Fingerprints & DNA on Cartridges & Cartridge Cases

Via following a Sitemeter referral (someone at the FBI was looking for answers and ended up on my blog) I discovered The California Criminalistics Institute did a study on obtaining forensic evidence from cartridge casings before and after firing. The conclusions were:

Likelihood of obtaining useable fingerprints on c. cases:

Not likely.

If you eliminate bloody prints from consideration, then only 3/32 [9%] cartridge cases displayed useable prints.

No useable prints were obtained on the cartridge cases that had been fired.

If you eliminate bloody prints from consideration, then no DNA profiles were obtained.

I’m not sure that it’s of any use to me but I found it fascinating.


10 thoughts on “Fingerprints & DNA on Cartridges & Cartridge Cases

  1. Just once…. just once I would love to see CSI (the tv show) say, “We lifted some prints off the bullet shell casings… but yeah, they were useless.”

  2. More and more television shows have been making “this isn’t CSI”-type comments, but, sadly, whiz-bang magic still makes for good television. It is interesting that fired cartridges are useless for fingerprints, though – I guess the short-term heat and pressure destroys the oils.

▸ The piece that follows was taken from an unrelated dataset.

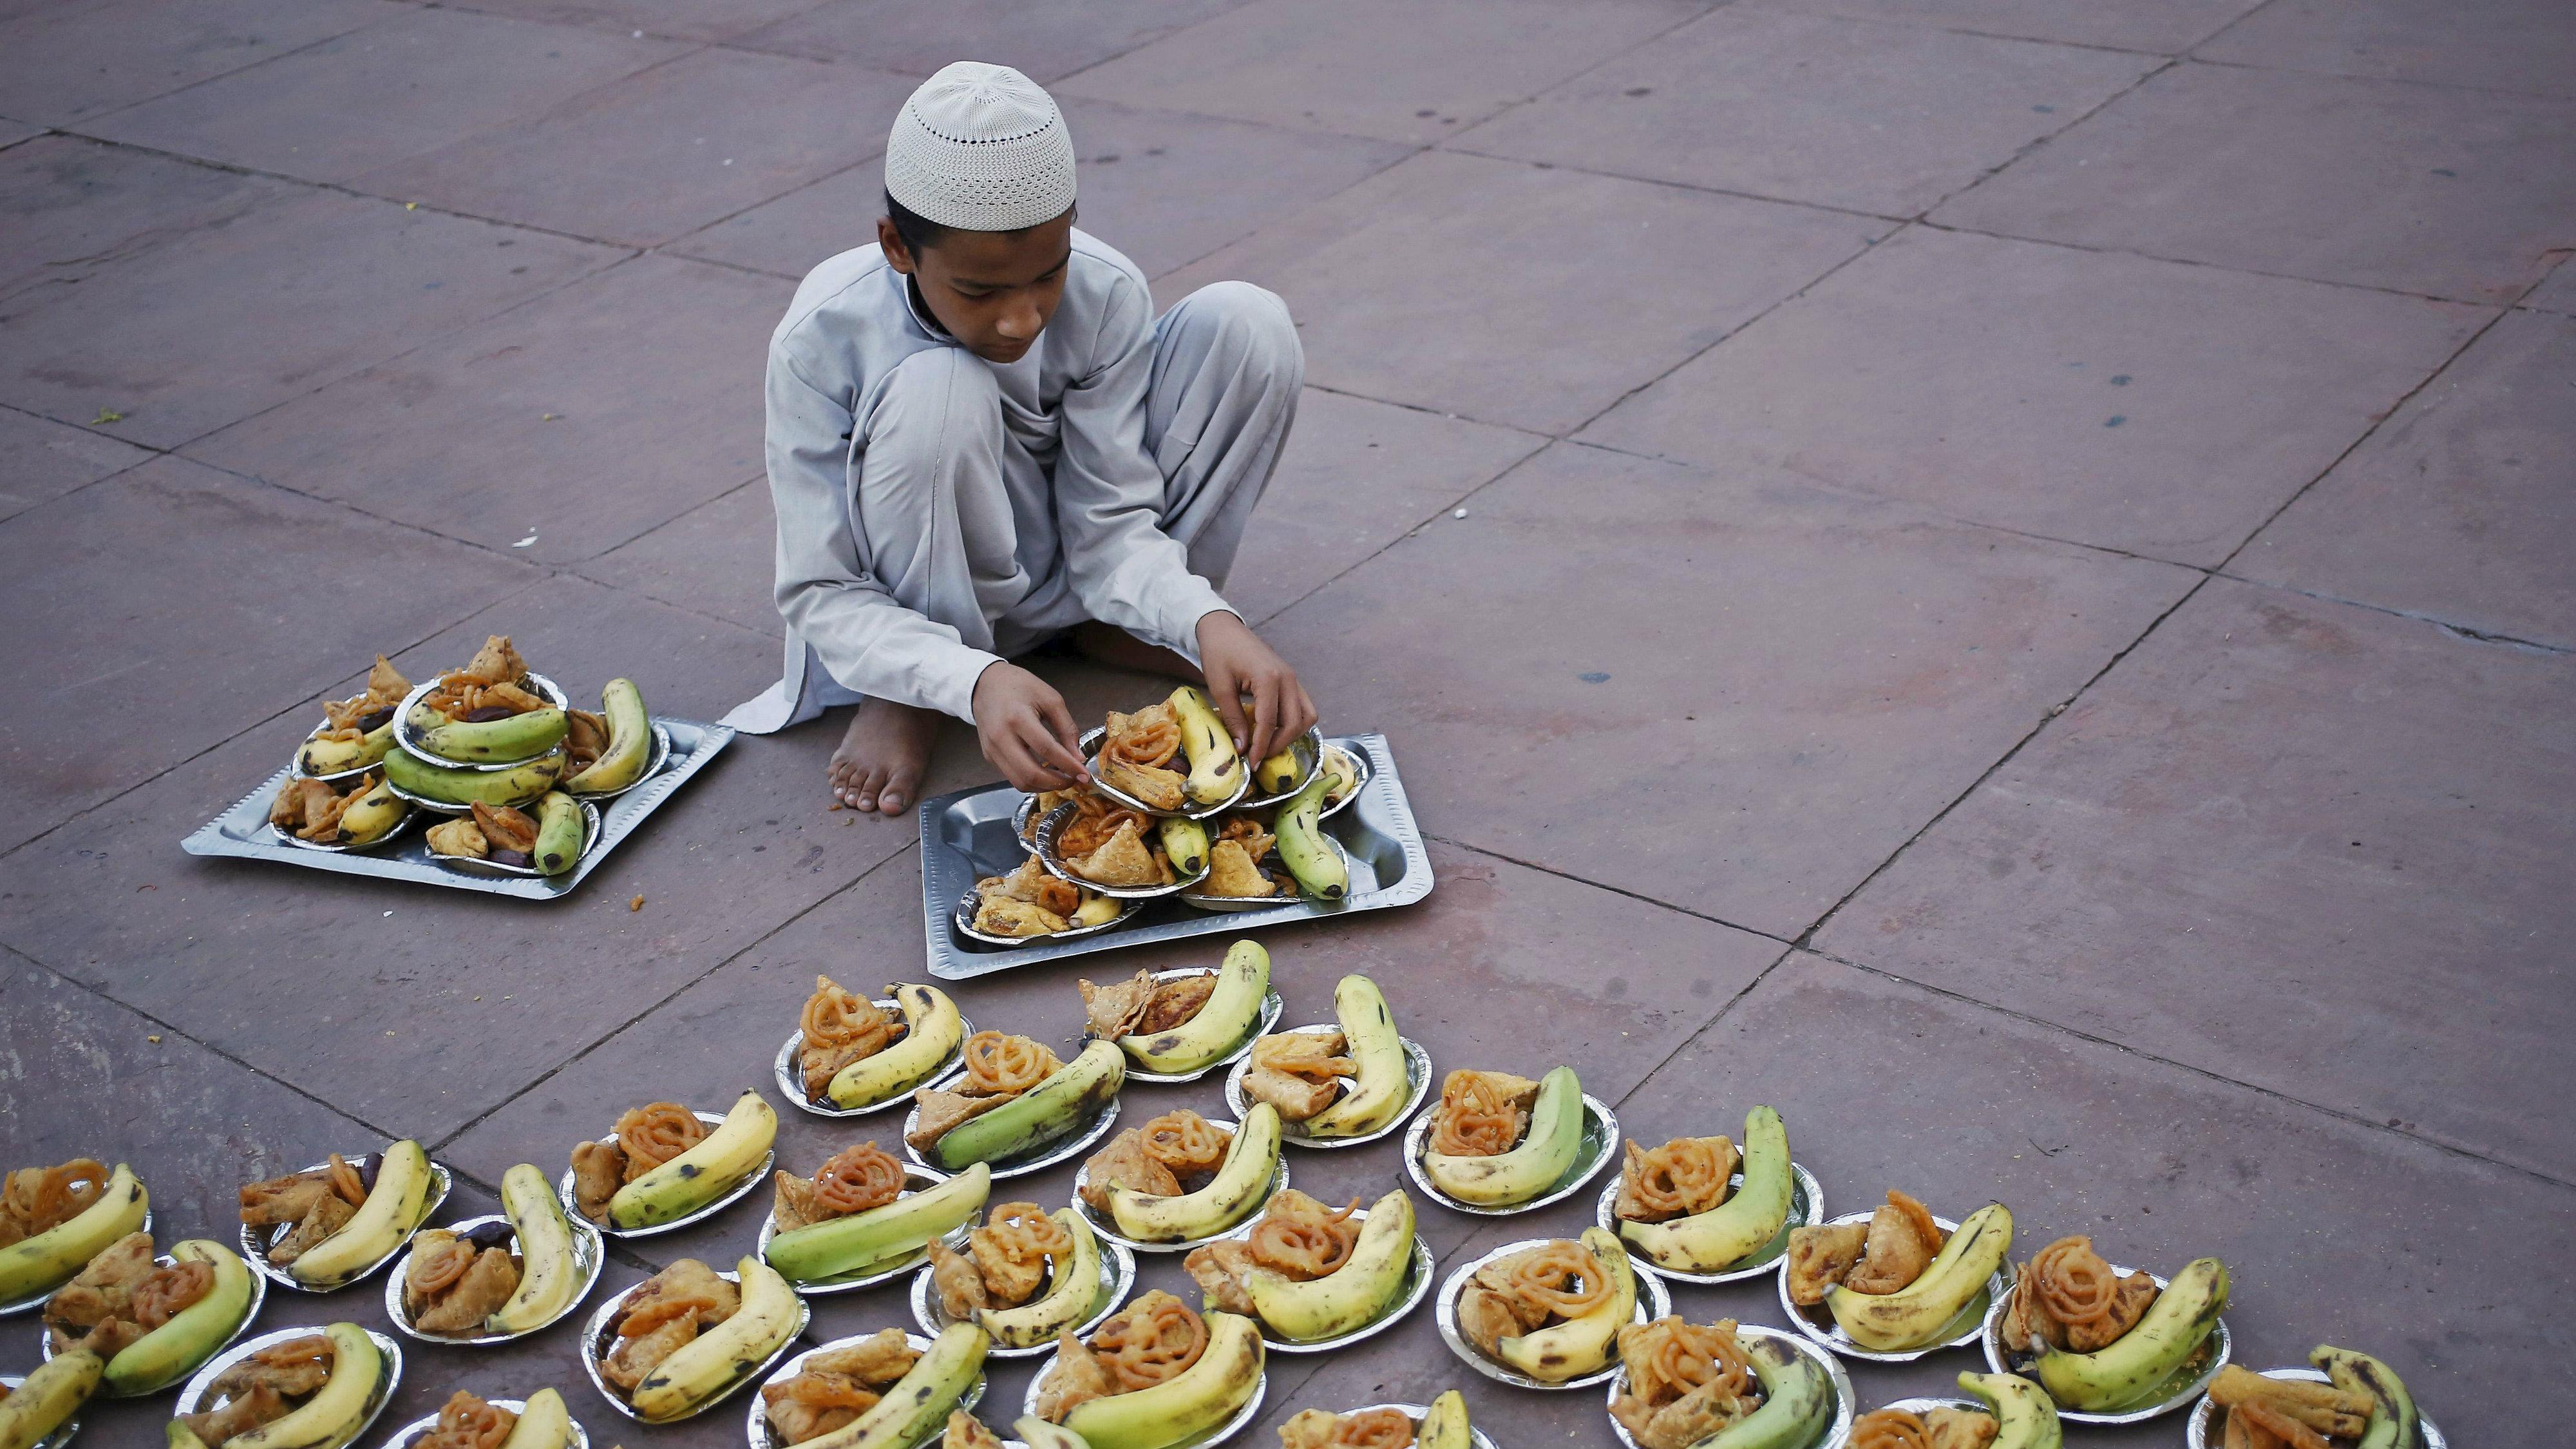 Squatting to prepare Iftar

  3. I seem to remember reading an article describing a new technology for lifting prints involving electrically heating the cases up to flash evaporate the oils and whatnot and leaving the salts behind, which then were used for printing. Anyone else remember seeing that?

  4. ubu52,

    I hadn’t heard about that technology. That is very interesting.

    My first impression is that it wouldn’t be practical. It would seem to me that each box of ammo would have to have a different tag which makes it a manufacturing nightmare. Plus if someone shoots 10s of thousands of rounds each year they will have their clothes and equipment contaminated with hundreds if not thousands of different tags. Perhaps just being next to someone at the range could contaminate you with someone else’s tags.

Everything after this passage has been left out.